You will not have to redo QMB (BMQ); unless you have been out for over ten years.


----------



## krimynal (29 Jan 2014)

so many different version ...... would it be a good idea to call my Recruiting center tomorrow ?? see the best way with them ?


----------



## George Wallace (29 Jan 2014)

krimynal said:
			
		

> so many different version ...... would it be a good idea to call my Recruiting center tomorrow ?? see the best way with them ?



Once you have been enrolled into the Reserves, the CFRC has NOTHING to do with you.


----------



## krimynal (29 Jan 2014)

George Wallace said:
			
		

> Once you have been enrolled into the Reserves, the CFRC has NOTHING to do with you.


¸

good to know


----------



## krimynal (29 Jan 2014)

well I'll try to figure it out , and hopefully everything will turn out great


----------



## krimynal (30 Jan 2014)

is it true that if I asked my unit for a transfer they might make me wait longer just because I am asking a different job in the regular ?? and when I am waiting for the transfer , can I still apply for optional course ? like driver , comms , etc. ?


----------



## George Wallace (30 Jan 2014)

krimynal said:
			
		

> is it true that if I asked my unit for a transfer they might make me wait longer just because I am asking a different job in the regular ?? and when I am waiting for the transfer , can I still apply for optional course ? like driver , comms , etc. ?



No it is not true.  It is a matter of whom you ask and what their personality is.  
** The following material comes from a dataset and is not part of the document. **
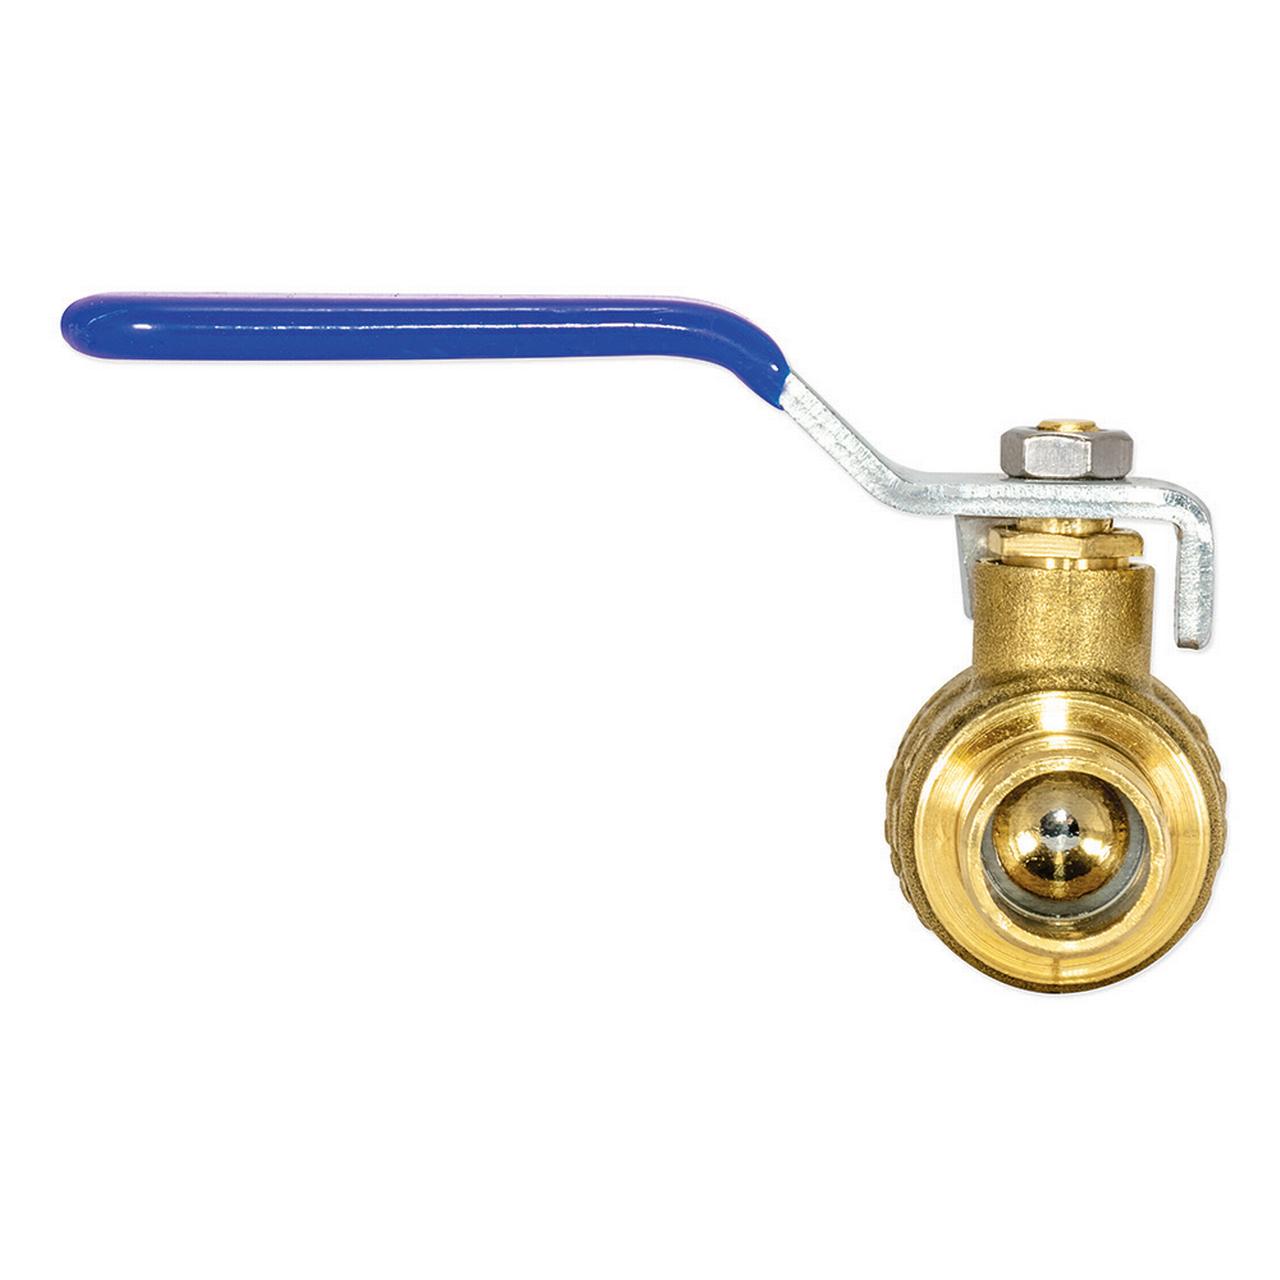 Eastman 20094LF Heavy-Duty PEX Ball Valve with Handle, 3/4 inch, Brass - image 4 of 6

If you are transferring, it is highly unlikely that your unit will put you on a course.


----------



## krimynal (30 Jan 2014)

alright so even if I decided to change unit to become in a unit of Infantry instead of one of Artillery to try to make the transfer faster , it wouldn't change a thing ? since in any of the case they would not let me do any courses.  

Someone just told me that "I had to trust the system" and that it was the ONLY way too go .... so I guess I will have to wait X amount of years to switch ! thanks for the info !


----------



## Eye In The Sky (30 Jan 2014)

This isnt' complicated.

1.  If you want to transfer to an infantry Pres unit, ask someone who is in your CofC at your present unit about it.

2.  if you don't want to transfer to another unit/occupation in the Pres...hold tight and wait for your courses.


----------